Shun felt being thrown out of the scenario and hurried to add:

"Since you did nothing wrong to me, I have nothing to forgive. But maybe we can become eternal friends just like that? And if you want, you can always insult me later, if you feel the wish to set things properly."

"Friends?" Seiya couldn't believe it. "You all want to be my friends?"

"Yes, we do," that was Shiryu, who always took up the responsibility to speak in official moments. "From now, we are an inseparable team. One for all..."

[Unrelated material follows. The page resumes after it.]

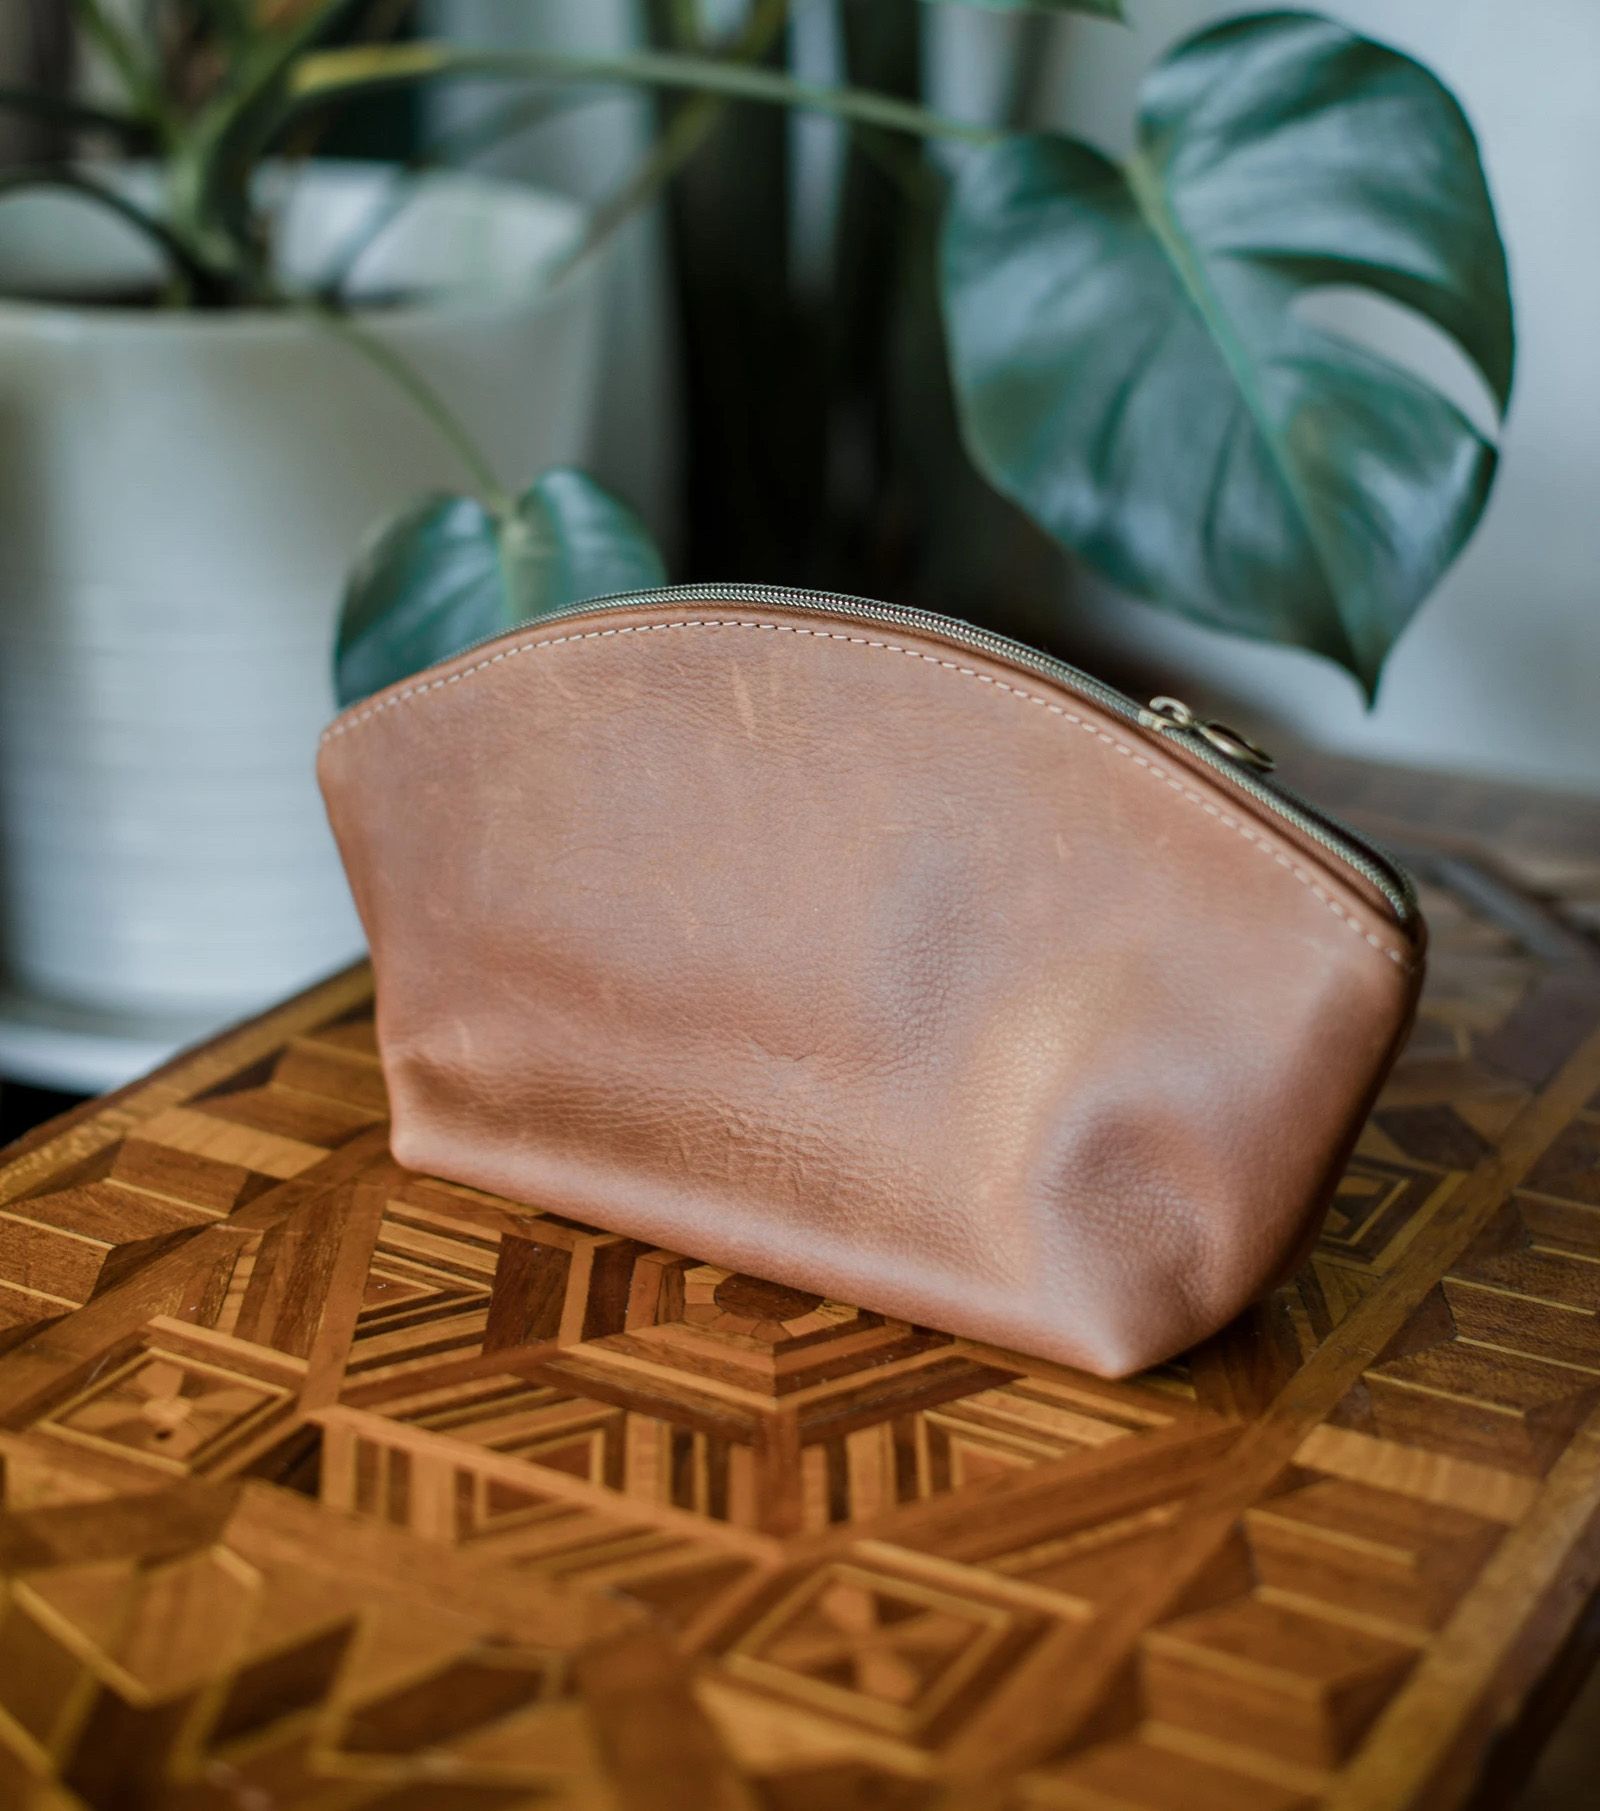 A brown leather cosmetics bag with a zipper on a wooden table with inlaid design, with a plant in the background.

"...And all for nothing," sighed Misty in his tin, having only his ruined make-up in mind.

* * *

And from that moment, the incredible adventures of our five friends began. There was Shaina, who knew all the plots and gossips of Sanctuary and was the trusty agent of all the V.I.Ps around; there was her jealous pupil Cassios; there was a quest for the Ring, which was initially given to Saori-Athena by the Grey Pope in a moment of passion (author's note: the history doesn't tell, what kind of passion exactly), and required back by the Blue Pope (because the Grey Pope whispered him this insidious decision) -- but Saori already gave the Ring to Poseidon, and Poseidon presented it to Milady Hilda, who later seduced the trusty naive Shogun Sorrento and tricked him into a rebellion against Kanon, Poseidon's favorite -- and as if the mess was not big enough, our Bronze Saints jumped directly into the whirlpool of events.

But this is another story, with which we won't mess.